<<<<
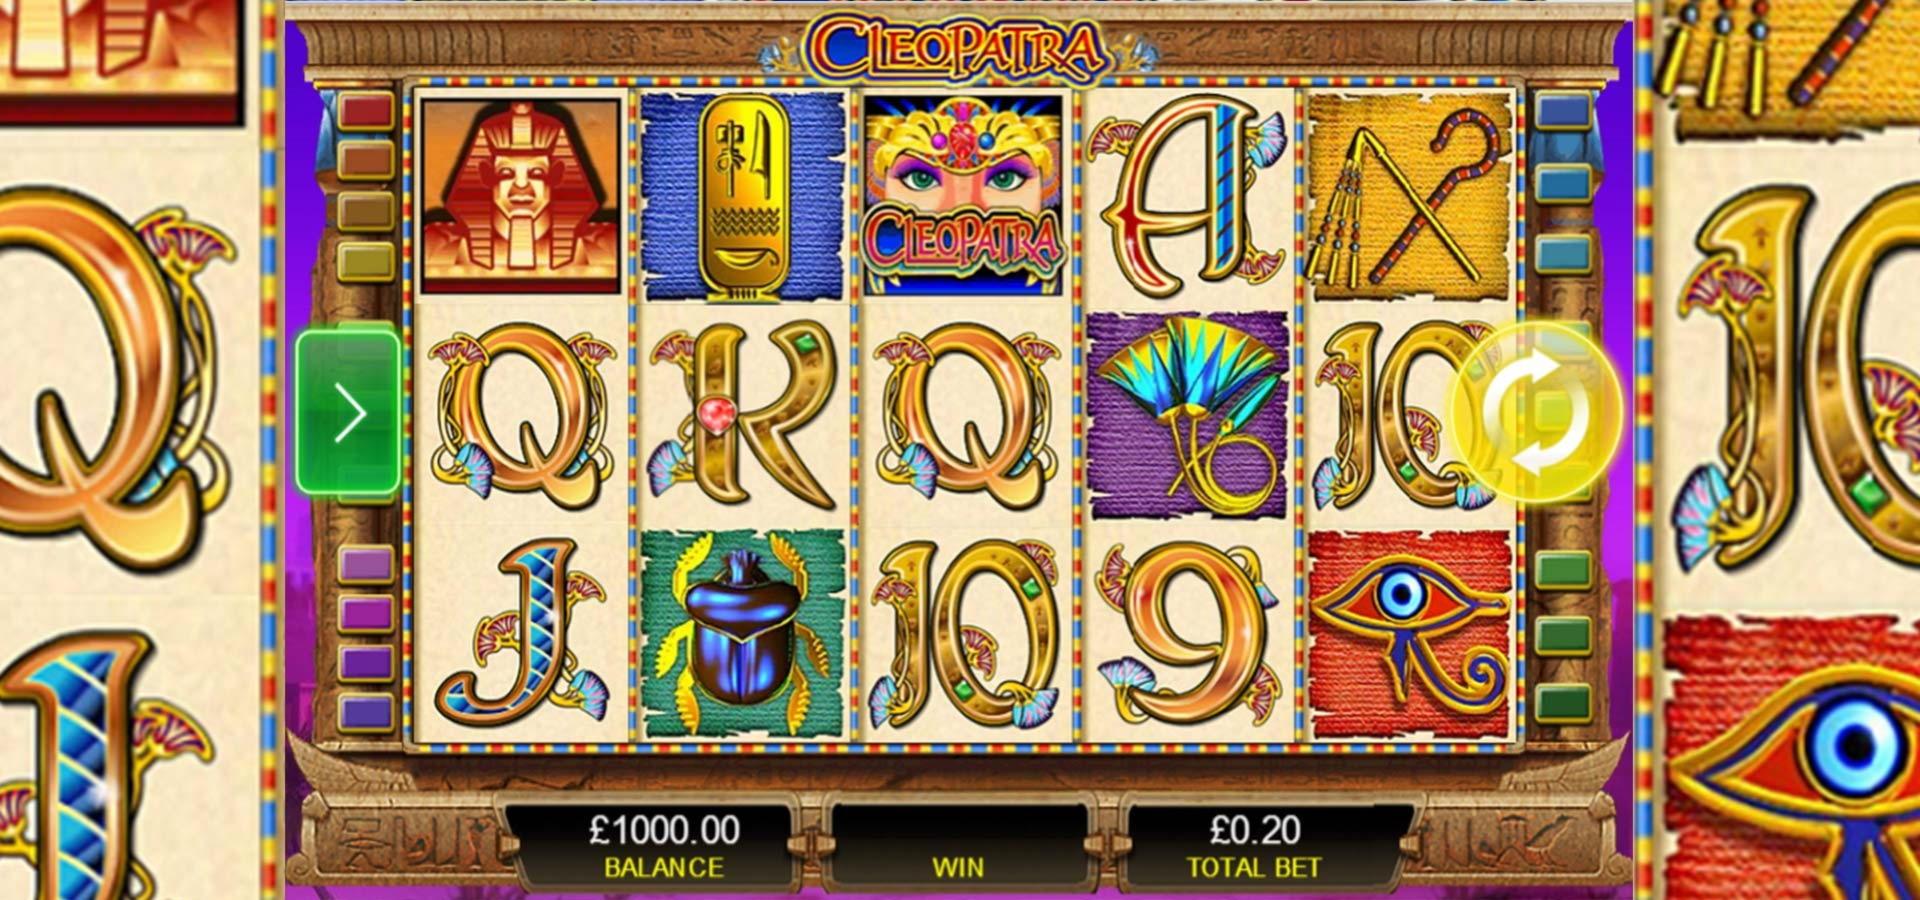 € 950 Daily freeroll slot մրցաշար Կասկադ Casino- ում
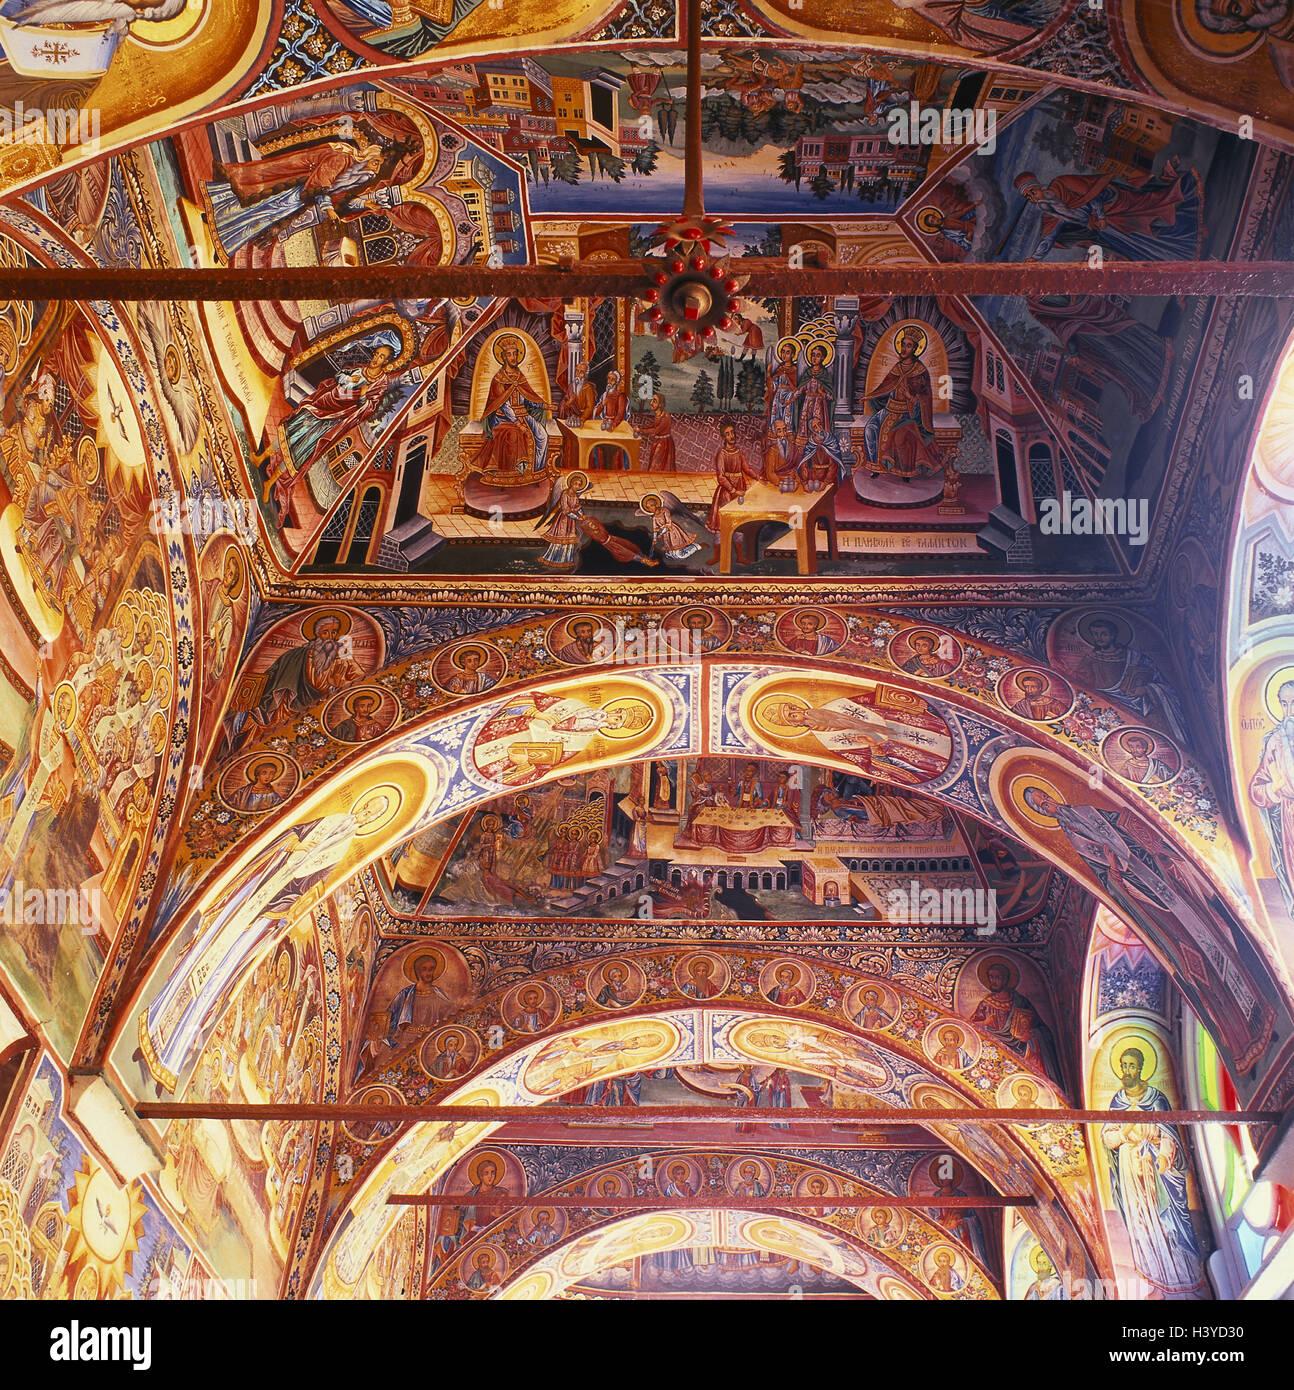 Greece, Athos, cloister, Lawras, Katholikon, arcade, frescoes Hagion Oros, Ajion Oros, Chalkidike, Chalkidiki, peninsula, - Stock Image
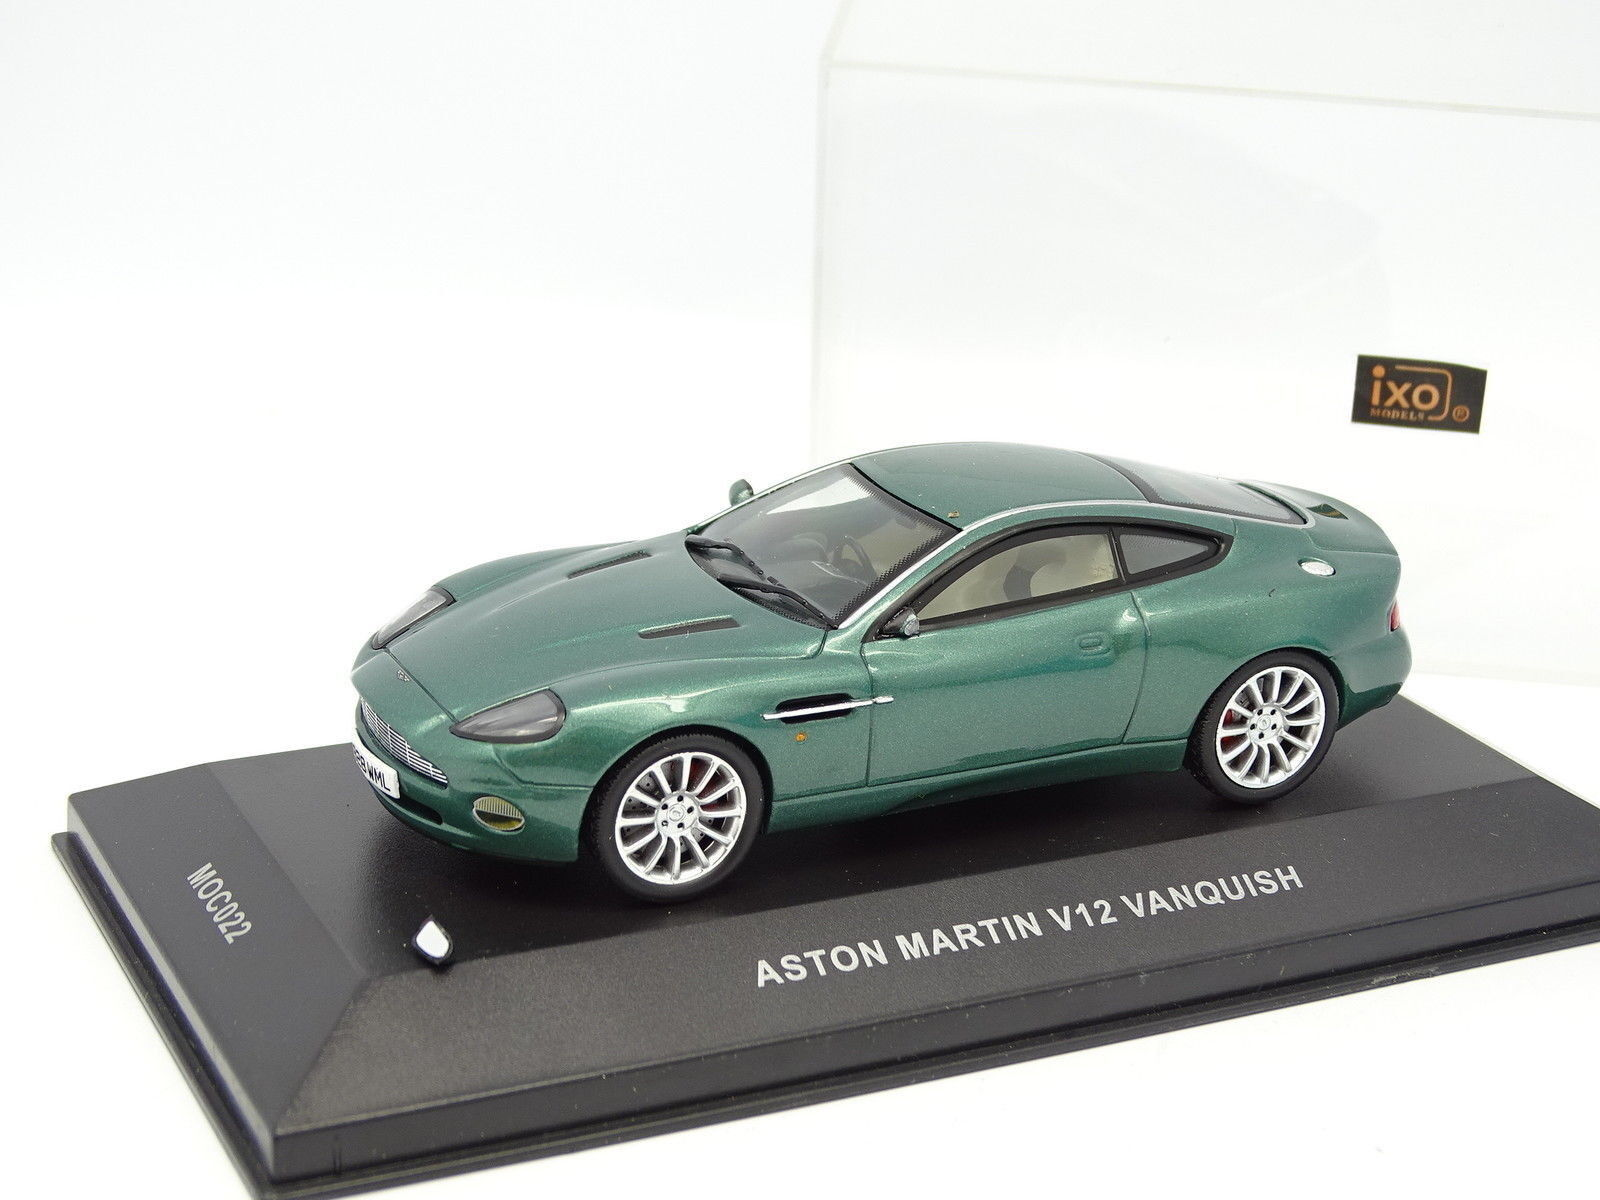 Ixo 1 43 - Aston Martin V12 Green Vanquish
>>>>
INSTRUCTIONS FOR THE TASK = After locating the line with "Greece, Athos, cloister, Lawras, Katholikon, arcade, frescoes" in the listing above, transcribe it and every line after it to the last, exactly, with no pictures.

TASK OUTPUT =
 Greece, Athos, cloister, Lawras, Katholikon, arcade, frescoes Hagion Oros, Ajion Oros, Chalkidike, Chalkidiki, peninsula, - Stock Image
 Ixo 1 43 - Aston Martin V12 Green Vanquish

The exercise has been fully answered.